Cada vez temos mais pedidos. A maioria são doentes oncológicos da nossa área, que inclui aqui o Hospital de Santa Maria até Mafra, mas temos também doentes de outras especialidades, por exemplo da Neurologia - temos doentes com esclerose lateral amiotrófica. Mas são principalmente de Oncologia”, aponta.

A procura tem vindo a aumentar. Segundo os dados oficiais da ULS de Santa Maria, em 2024, a Equipa Intra-Hospitalar realizou 8.429 consultas presenciais e não presenciais, das quais 2.937 foram primeiras consultas, e 5.492 foram consultas subsequentes. Margarida Carrolo não tem dúvidas de que é urgente apostar mais nesta área. “Ainda há pouco tempo um dos elementos da equipa saiu, reformou-se, estava a 40 horas e não houve reposição. Somos muito poucas para o trabalho que temos”, lamenta.

A medicina tem evoluído muito no tratamento dos doentes, mas é preciso garantir-lhes qualidade de vida. “À medida que temos tratamentos mais inovadores, os doentes vivem mais tempo, mas o facto de viverem mais tempo não significa que vivam esse tempo extra com qualidade. É preciso haver um maior controle de sintomas, assegurar a qualidade da vida, para que faça sentido prolongar a vida, mas com qualidade."

A falta de investimento nesta área revela um alheamento do que realmente significa garantir cuidados paliativos. “A medicina paliativa é muitas vezes vista como o ‘patinho feio’ da medicina. Porque nós não curamos doentes nem temos sequer esse objetivo. Aqui, estamos a lidar com doenças graves, muitas vezes incuráveis, ameaçadoras de vida, e o nosso objetivo é que o doente tenha a melhor qualidade de vida, os melhores cuidados, tenha de volta a sua dignidade."


Médica Margarida Carrolo (à direita) e Luísa, familiar e cuidadora de um doente da Unidade de Medicina Paliativa do Hospital de Santa Maria. Foto: Ângela Roque/RR
Médica Margarida Carrolo (à direita) e Luísa, familiar e cuidadora de um doente da Unidade de Medicina Paliativa do Hospital de Santa Maria. Foto: Ângela Roque/RR

Entre a agitação habitual no maior hospital do país, descemos ao piso inferior, onde fica a Unidade de Medicina Paliativa. Na mesa redonda, onde habitualmente reúnem e nos recebem, está um folheto da altura em que a Equipa Intra-hospitalar de Cuidados Paliativos foi criada. Amélia Matos é uma das fundadoras. É a enfermeira-gestora deste grupo que inclui, para além das duas médicas, sete enfermeiras, uma assistente social, um assistente religioso e uma assistente técnica. Mas, há lugares em falta.

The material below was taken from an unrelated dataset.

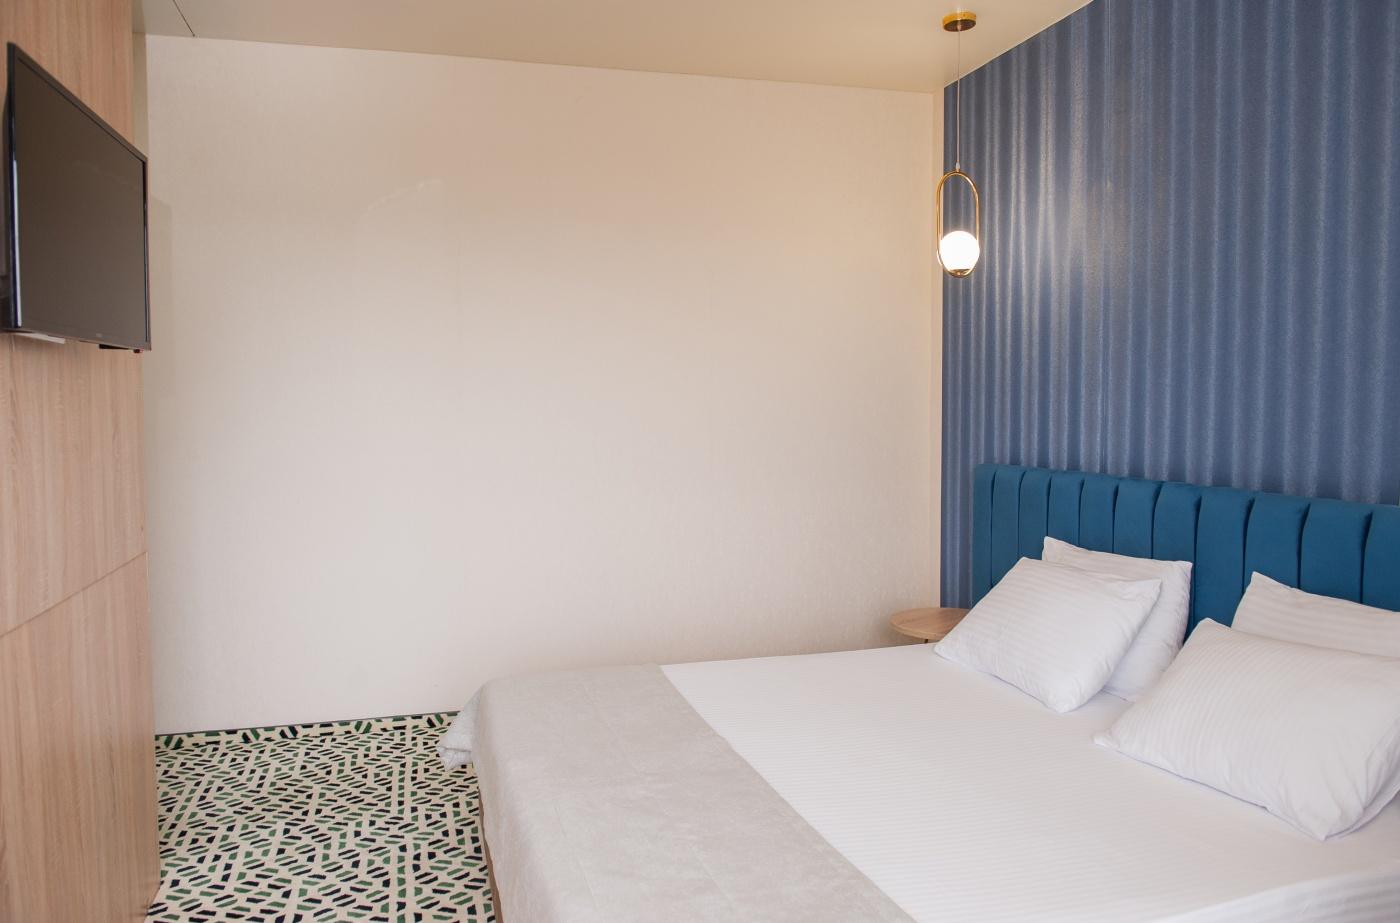 Отель «Aurum Family Resort & Spa» Краснодарский край Superior 2-местный , фото 3

“Temos uma lacuna brutal atualmente, não temos nenhuma psicóloga atribuída à equipa”, começa por dizer. Admite que seriam precisos muitos mais profissionais. “Para aquilo que queremos fazer, sim. Foi criada, legalmente, a intenção de abrir um serviço integrado de cuidados paliativos, mas nós também deixámos de ser um hospital, passámos a ser um centro hospitalar, e neste momento uma Unidade Local de Saúde (ULS). O serviço integrado de cuidados paliativos implicará uma estrutura mais organizada, com apoio domiciliário, e não há uma equipa comunitária de suporte em cuidados paliativos para ser parte da nossa equipa”.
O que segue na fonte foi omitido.